Le recours à cette action aux origines anglo-saxonnes n’exclut pas en revanche un recours aux médias. Ce qui risque d’entraîner auprès de l’opinion publique une «perte de considération» du gouvernement. Et il y a de quoi, si l’on se limite à citer l’exonération fiscale sur les profits immobiliers. Exonération qualifiée par Karim Tazi, ex-président de l’Association marocaine du textile et de l’habillement et PDG de Richbond, comme «une indulgence fiscale coupable». Une «rente indue moralement même si la loi de Finances l’a accordée» aux promoteurs de l’habitat social. Et qui se sont lâchement débobinés lorsque le gouvernement El Fassi a voulu mettre fin à l’exonération. Ce privilège fiscal a participé à «la création artificielle de la rareté». L’homme d’affaires fait ici allusion à la pénurie du foncier industriel.
Transparency Maroc critique plutôt la réglementation de change. Son secrétaire général, Rachid Filali-Meknassi, n’en revient pas lorsqu’il constate que cette réglementation «est régie uniquement par des circulaires et qui ne sont même pas publiées au Bulletin officiel». Qui dit réglementation, dit dérogation… Et qui, sur le plan procédural, n’est pas discutée au Parlement. Cette «opacité» de la réglementation des changes dérange, scandalise… Car, justement, elle n’est pas à l’abri d’un détournement en vue de consacrer des rentes, de museler les concurrents…
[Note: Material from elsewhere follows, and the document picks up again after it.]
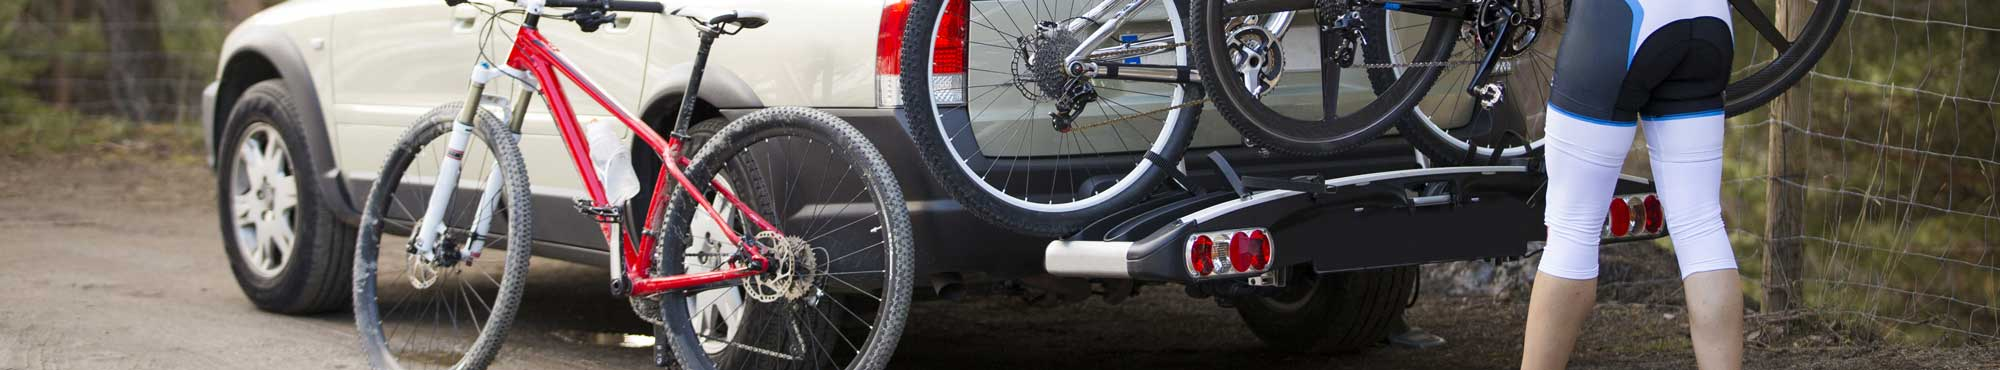 bike-towbar-header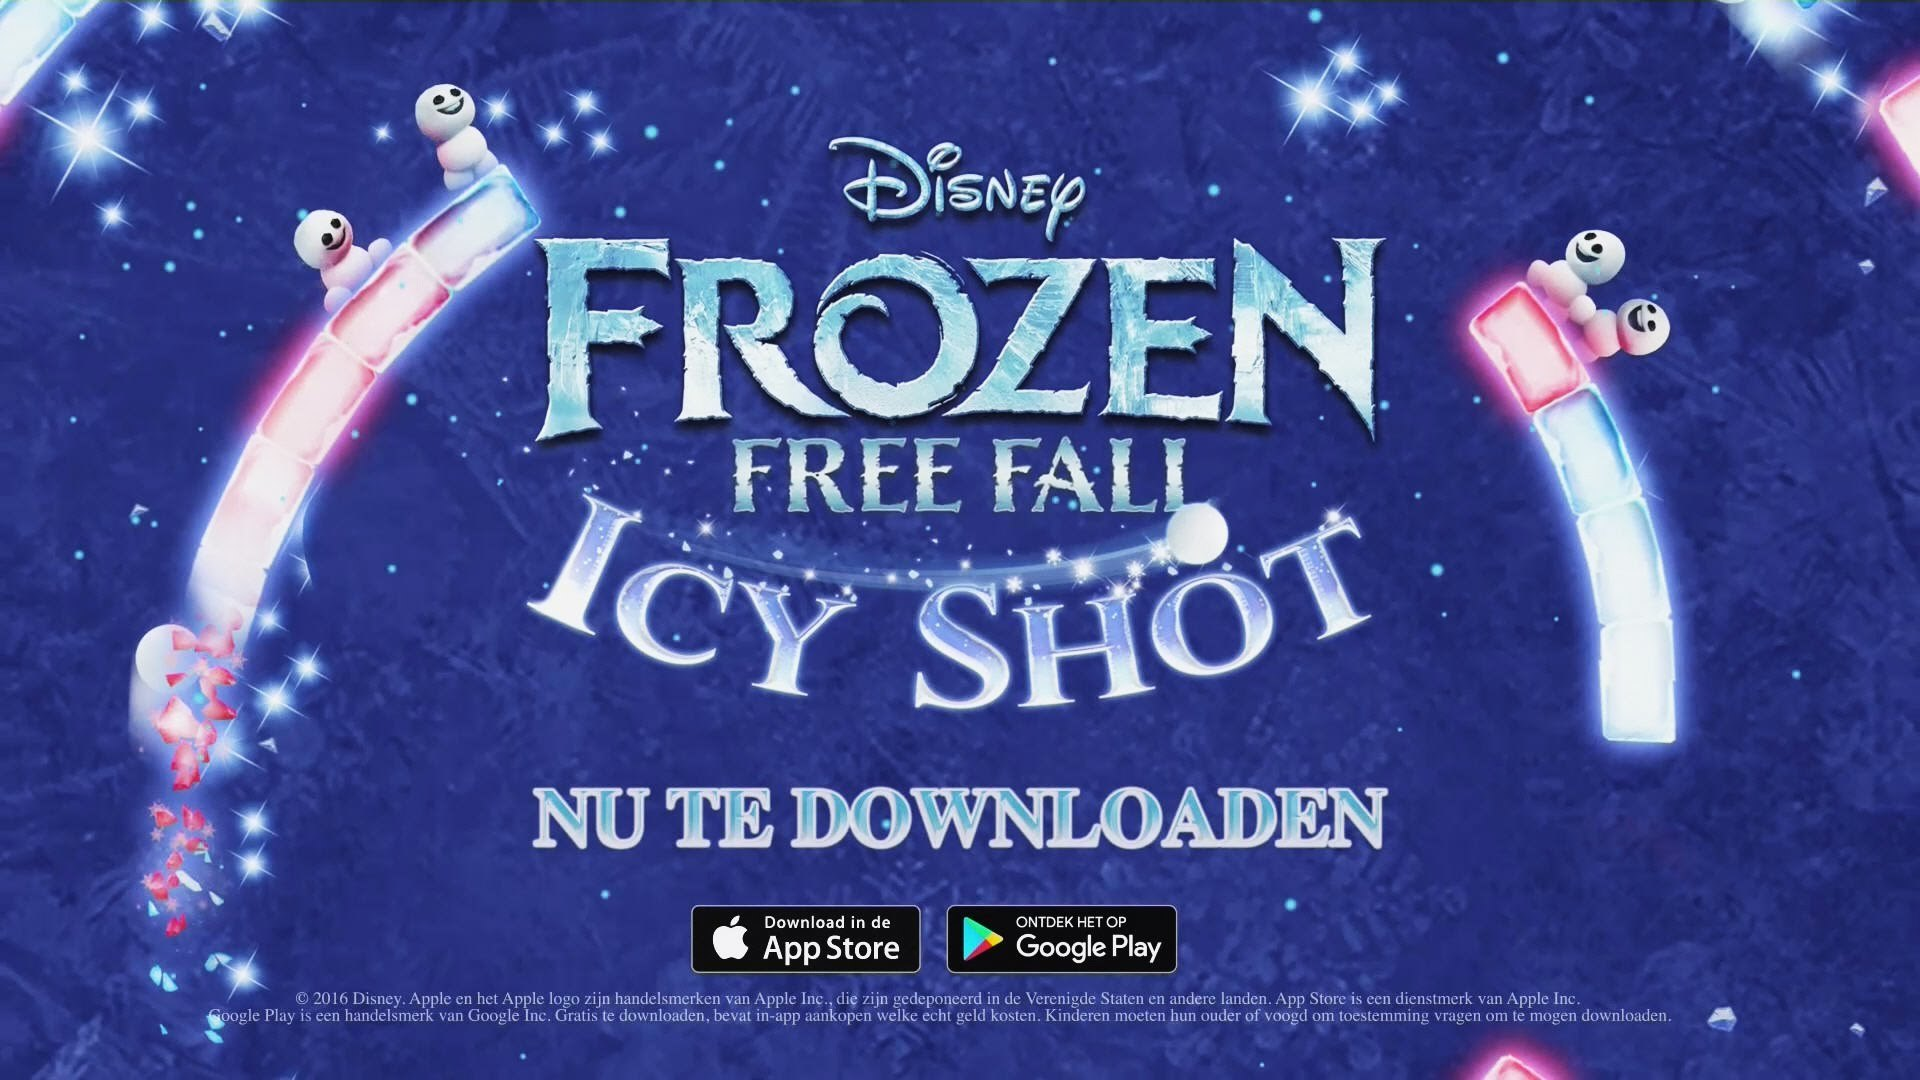 Frozen Free Fall: Icy Shot App Trailer

C’est pour garantir la prévisibilité du droit qu’il faut avoir une forte autorité de la concurrence, une justice indépendante.

Opportunisme politique?
Après Marrakech en 2009 et Fès en 2010, les prochaines assises de la concurrence vont se tenir dans la ville du Détroit du 14 au 17 décembre. Le thème -quoique son titre soit pompeux- porte sur «la concurrence et la régulation anti-rente» en tant que «fondements de la méritocratie et de la compétitivité dans les pays émergents». Un large programme, dont la 3e session est consacrée à une régulation qui fait «face à des comportements entrepreneuriaux déviants». Benamour et son Conseil ne veulent pas passer pour des opportunistes: le choix de la thématique «s’est fait bien avant» la manifestation du 20 février dernier. Pour la constitutionnalisation, l’instance n’a pas non plus surfé sur la mouvance qui s’en est suivie. Cette proposition ne figurait tout simplement pas dans le projet de réforme initial.